Nach der Vielzahl der Infektion, Dosis-Reaktions-Kurve in dieser repräsentativen Analyse, eine 200 Vielzahl von Infektionen gab die höchste Straße GFP-Expression, aber die Zellmorphologie wurde durchgeführt, die Zytotoxizität suggeriert. Daher wurde die optimale Transduktionseffizienz als eine Vielzahl von Infektionen von 100 bestimmt. In dieser Redoxstatusanalyse wurden oxidierte und reduzierte Reihen-GFP-Mittelfluoreszenzintensitäten aus der Durchflusszytometrie-Analyse für Fahrzeuge und vier 10 mikromolaren Positivkontroll-Wasserstoffperoxid-Behandlungen erhalten.

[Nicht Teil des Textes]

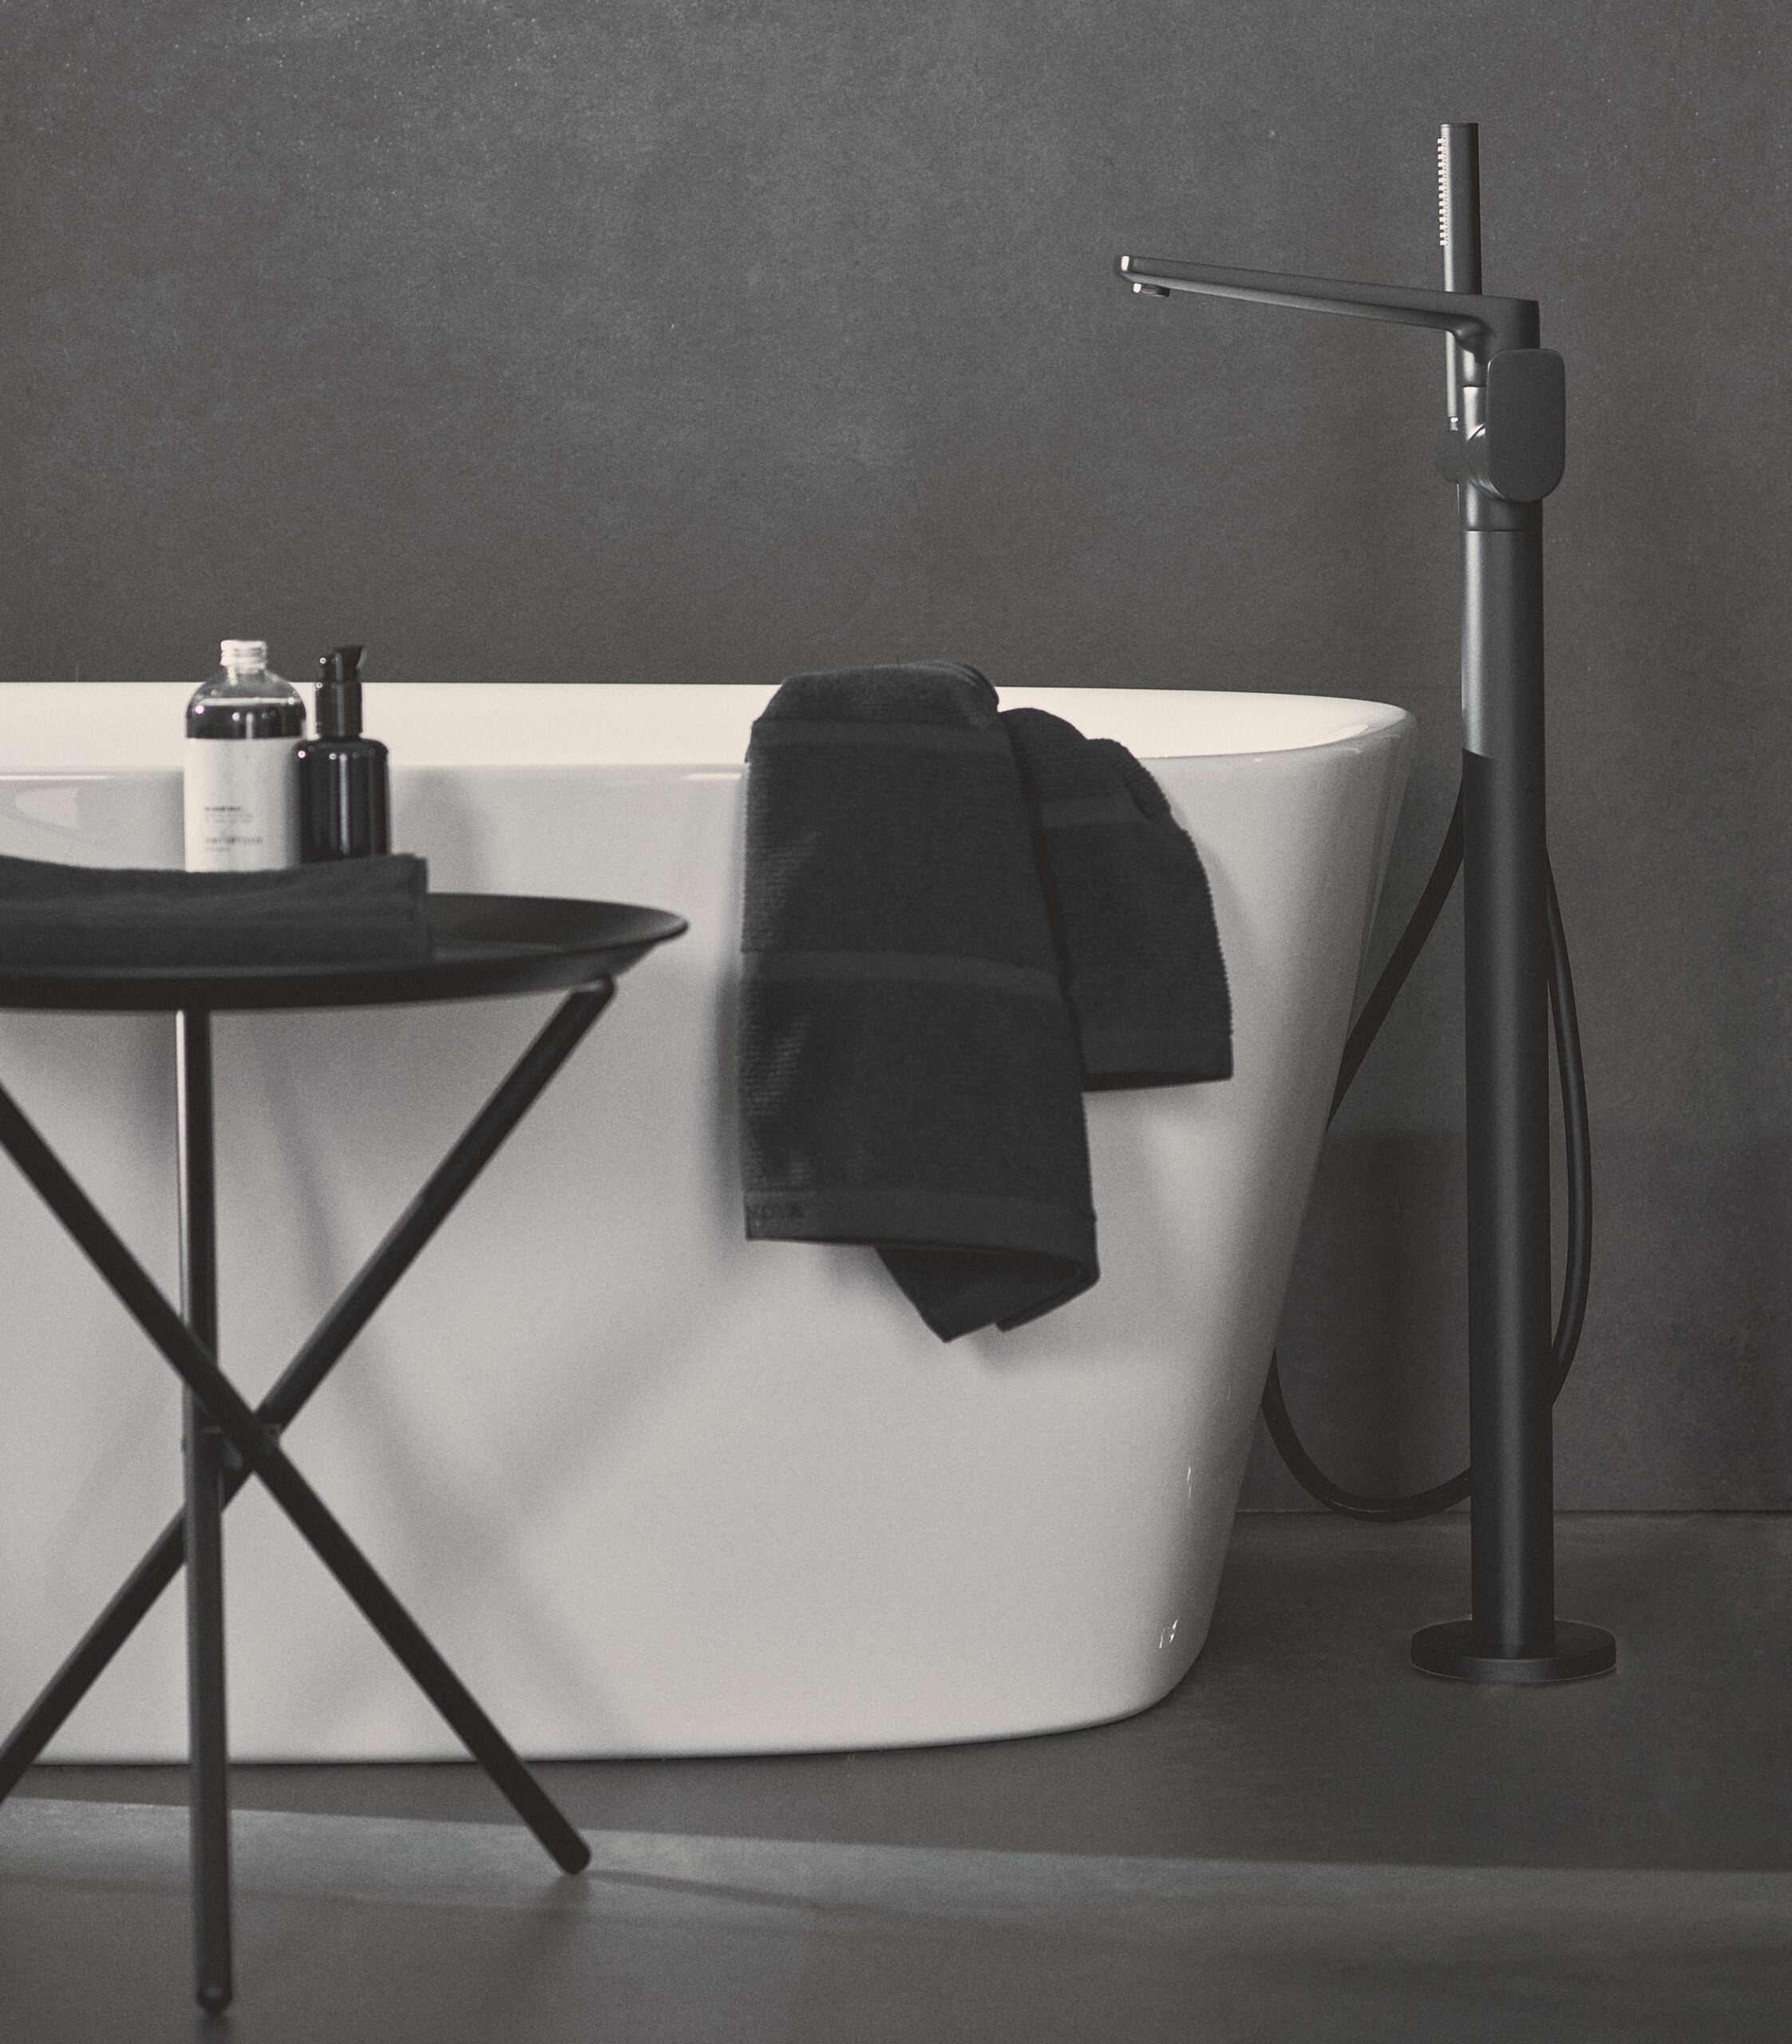 Robinetterie, céramique, parois de douche, meubles : osez la différence avec la nouvelle finition Noir Mat d'Ideal Standard

Die überlagerten Histogramme stellen die Verschiebungen der Zellzahl in den 10 mikromollaren Wasserstoffperoxid- und fahrzeugbehandelten Gruppen oder reduzierten und oxidierten Erodieren GFP dar. Die Berechnung des Verhältnisses zwischen dem oxidierten und reduzierten Reihen-GFP für diese Analyse ergab, dass 10 mikromolares Wasserstoffperoxid eine Verdreifachung der Oxidation des ReihenGFP im Vergleich zur Fahrzeugbehandlung verursachte. Genaue Zellzahlen sind wichtig für MRT-Berechnungen und Reproduzierbarkeit.
Um reproduzierbare Ergebnisse zu erzielen, sollten die Forscher die antiviralen Lösungen gründlich mischen, um homogene Suspensionen zu erhalten. Dieses Protokoll ermöglicht es Forschern, schnelle Redox-Änderungen als integralen Bestandteil des breiten Spektrums normaler zellulärer Prozesse und des Krankheitsverlaufs in Echtzeit zu untersuchen.